La canela: origen y características
La canela es una especia muy valorada tanto en la cocina como en la medicina tradicional, que procede de la corteza interna del árbol del canelo, perteneciente al género Cinnamomum. Existen distintas especies de las que se obtiene canela, siendo la más conocida y apreciada la canela de Ceilán, originaria de Sri Lanka, cuyo nombre botánico es Cinnamomum zeylanicum o Cinnamomum verum.
Desde la antigüedad, la canela ha sido utilizada no solo como condimento aromático, sino también como planta medicinal dentro de diferentes sistemas tradicionales de salud, especialmente por su acción digestiva, estimulante y conservante.
Componentes de la canela
Todos los tipos de canela tienen algo en común: el cinnamaldehído, responsable directo de su sabor y aroma característicos, al que se atribuyen buena parte de sus efectos antioxidantes y antimicrobianos.
La canela contiene además otros compuestos bioactivos como eugenol, taninos, mucílagos, polifenoles y cumarinas, así como fibra y pequeñas cantidades de vitaminas y minerales presentes de forma natural, entre ellos calcio, potasio, manganeso, hierro y zinc, que contribuyen a su perfil funcional dentro de la alimentación y la fitoterapia tradicional.
Conservación de la canela
La canela puede utilizarse tanto en rama como en polvo, aunque en ambos casos es preferible optar por canela de buena calidad. La canela en rama conserva mejor sus aceites esenciales, mientras que la canela molida va perdiendo progresivamente sus propiedades aromáticas y funcionales debido a la volatilización de estos compuestos.
Lo ideal es adquirir la canela en rama y molerla justo en el momento de su uso.
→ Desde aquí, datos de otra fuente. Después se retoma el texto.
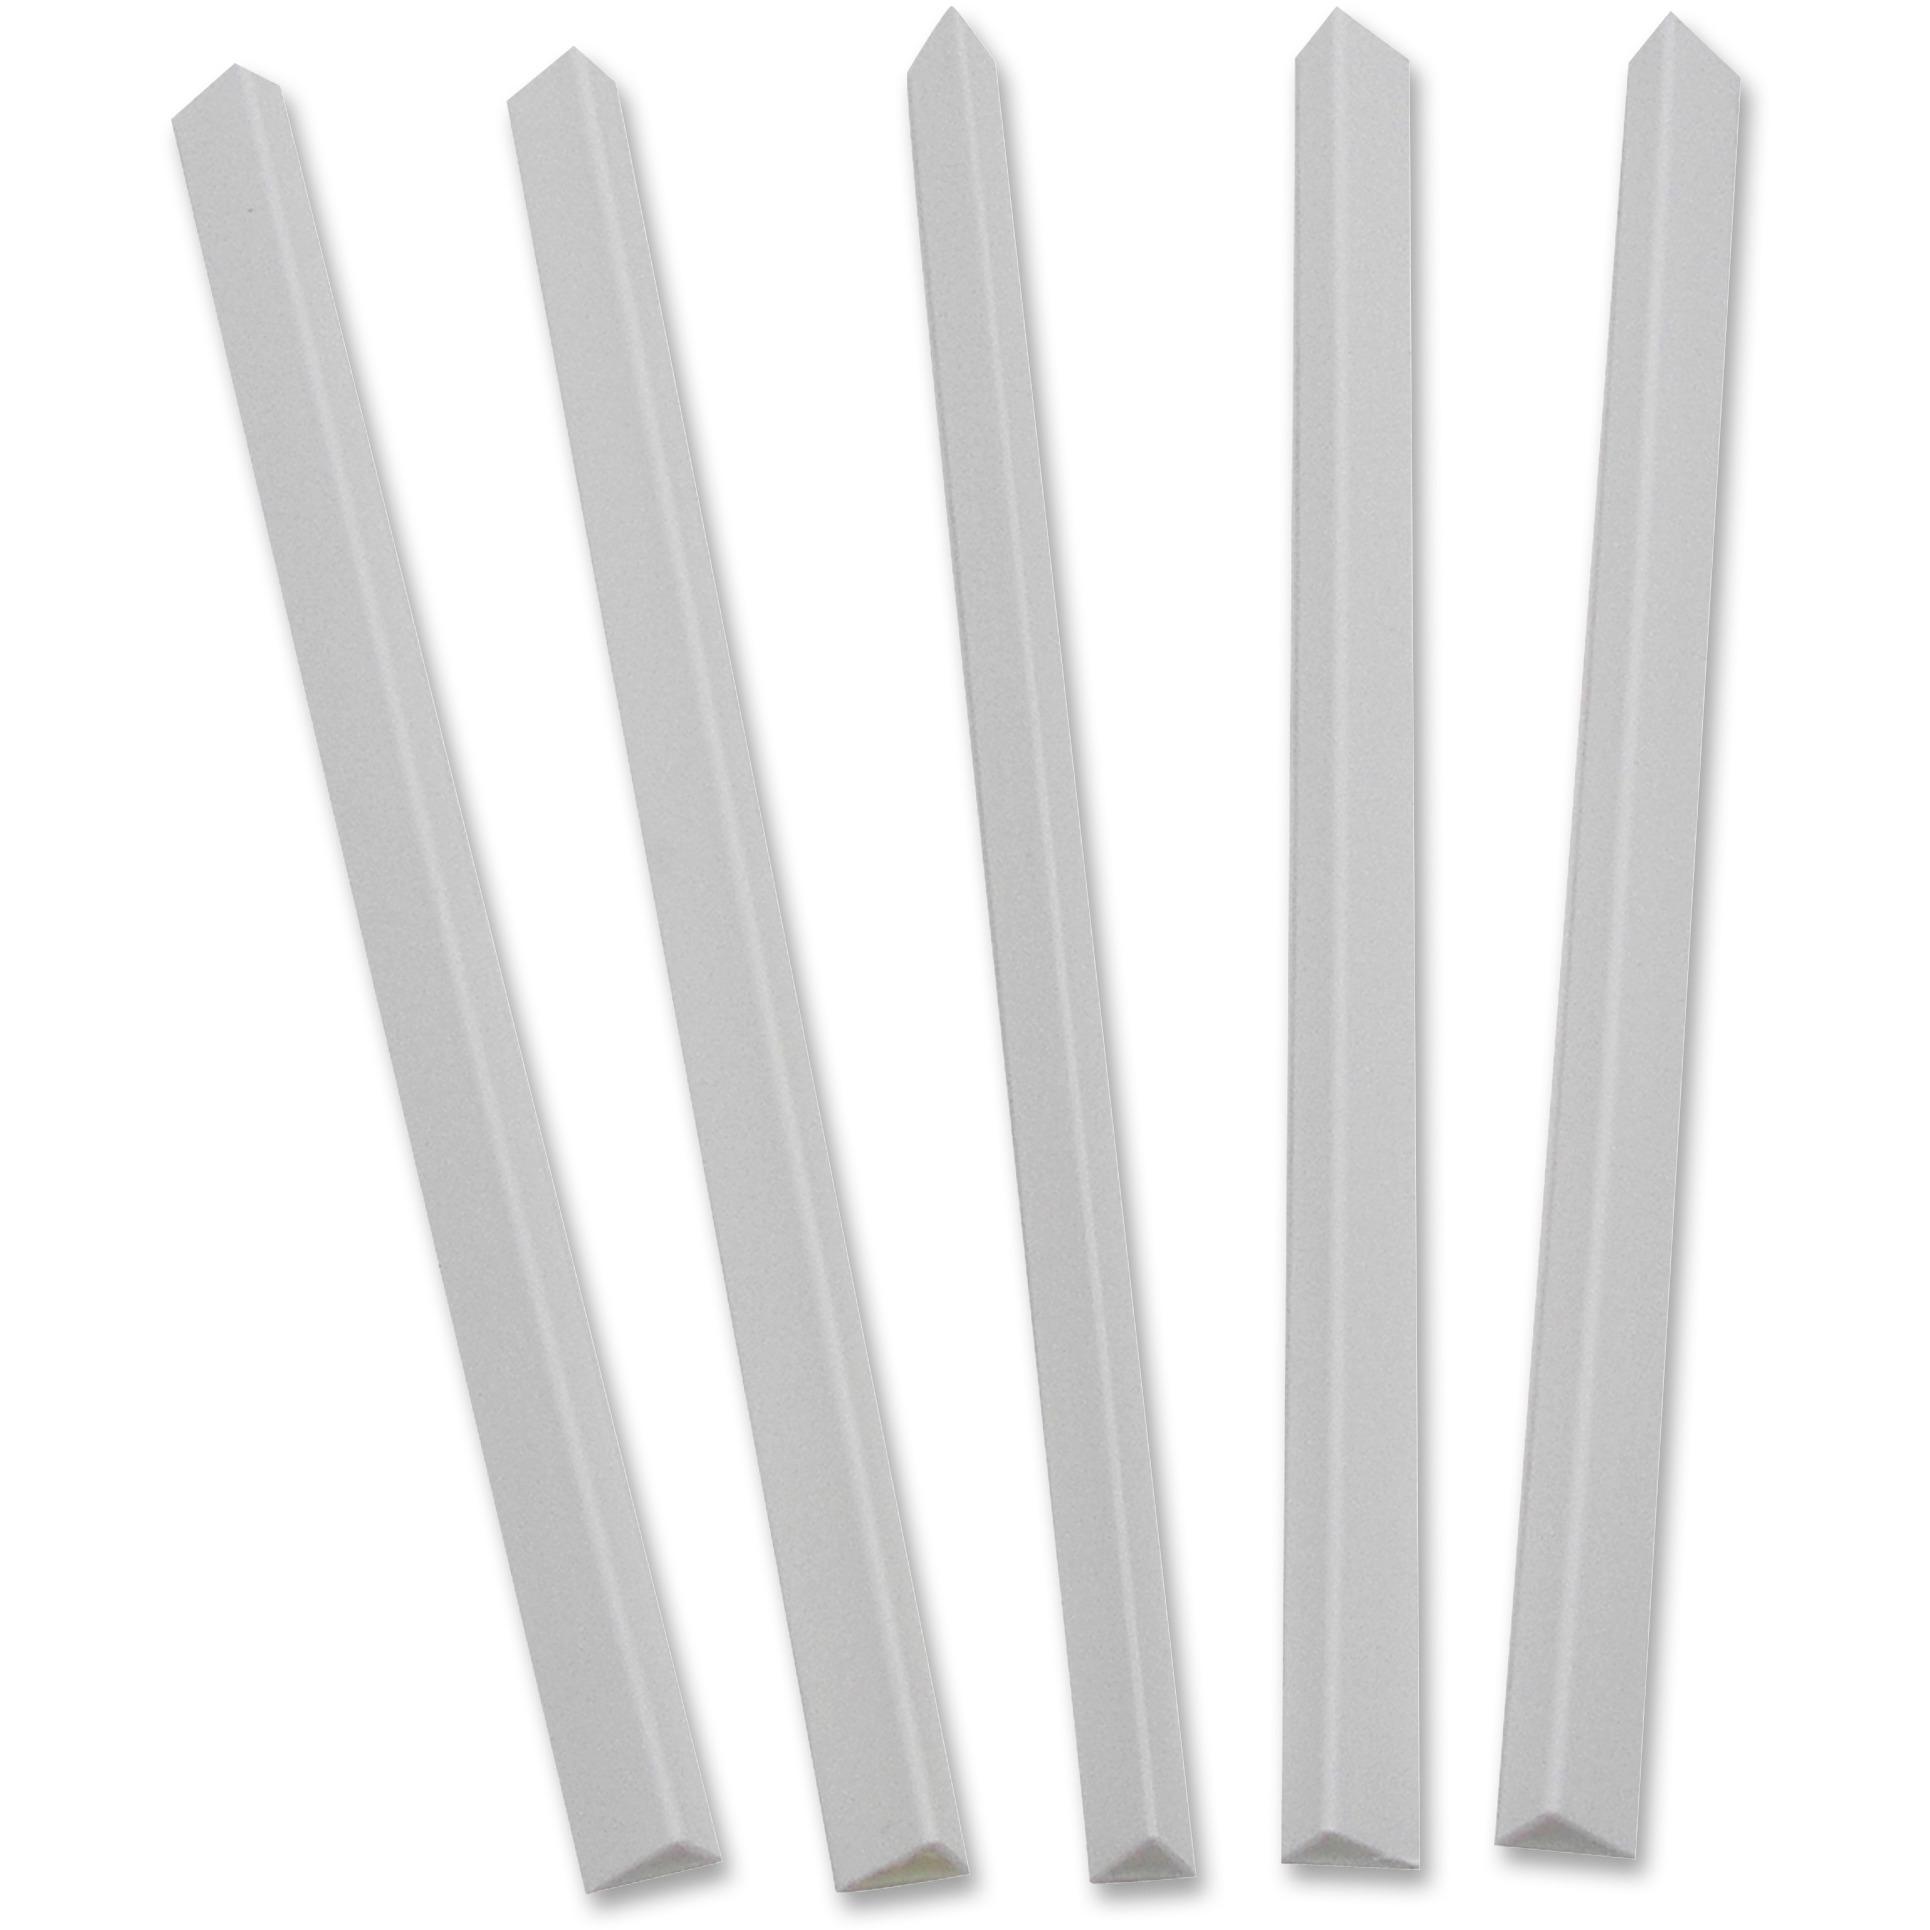 Slide 'N Grip Binding Bars, White, 11 x 1/2, 100/Box
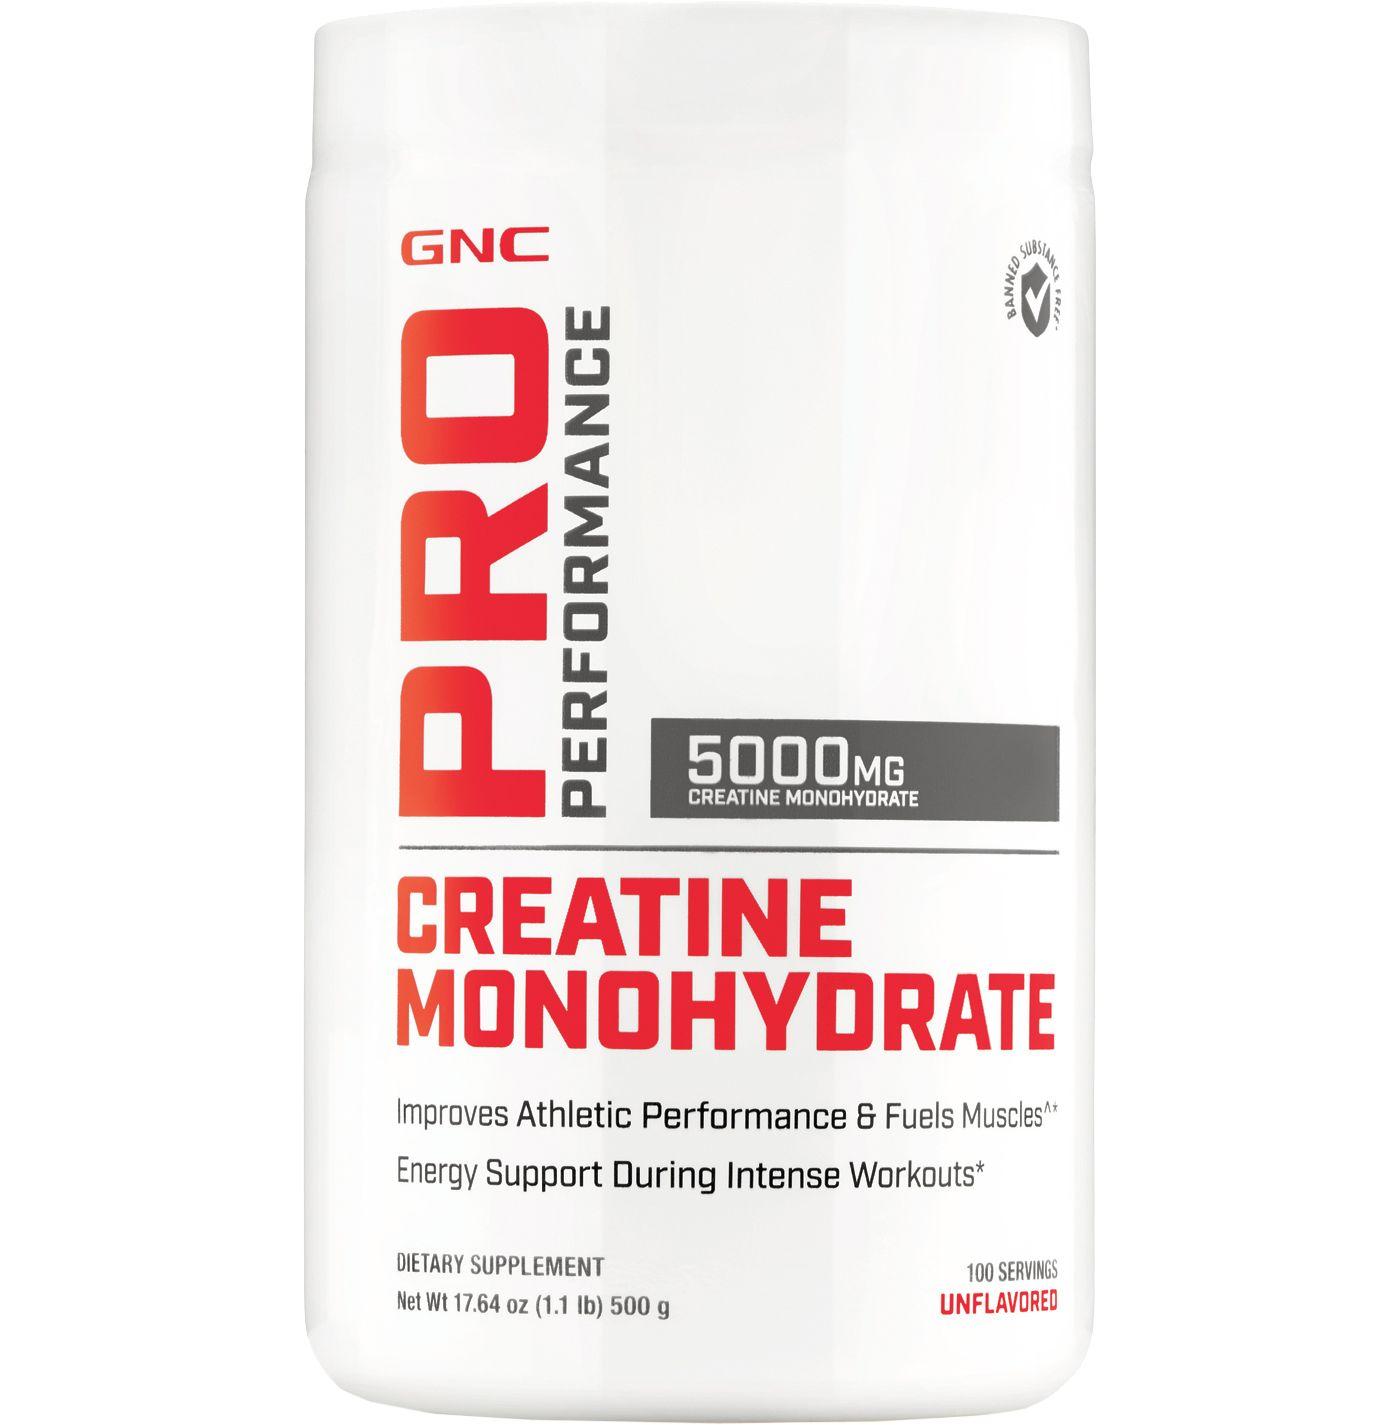 GNC Pro Performance Creatine Monohydrate 100 Servings

En caso de utilizarla molida, se recomienda no conservarla durante más de doce meses y almacenarla siempre en envases bien cerrados, en un lugar fresco, seco y protegido de la luz.
Propiedades curativas y medicinales de la Canela
La canela puede utilizarse tanto de forma interna como externa, ya sea en infusión, incorporada a los alimentos, en maceraciones tradicionales o en preparados artesanales como tónicos y tinturas, formando parte desde hace siglos de la fitoterapia popular de distintas culturas.
Propiedades carminativas.
La canela facilita la expulsión de los gases acumulados en el aparato digestivo, ayudando a aliviar la sensación de hinchazón y pesadez. Tradicionalmente se ha utilizado en infusión, pudiendo tomarse varias veces al día en cantidades moderadas, especialmente después de las comidas.
Antiácido natural.
Espolvorear canela en los alimentos o tomarla en infusión tras la comida puede ayudar a regular el exceso de acidez gástrica, mientras que su consumo antes de las comidas estimula la secreción de jugos gástricos y favorece la digestión, contribuyendo a prevenir digestiones difíciles y lentas.
Antivomitiva.
Gracias a su contenido en compuestos aromáticos como el alcanfor y el eugenol, la canela ha sido utilizada tradicionalmente para aliviar náuseas y vómitos, especialmente cuando se consume en pequeñas cantidades antes de las comidas o en infusión templada.
Abre el apetito.
Por sus propiedades orexígenas, la canela se considera un buen apoyo en casos de inapetencia o falta de apetito ocasional, pudiendo tomarse en infusión antes de las comidas o añadirse a los alimentos para estimular suavemente el apetito.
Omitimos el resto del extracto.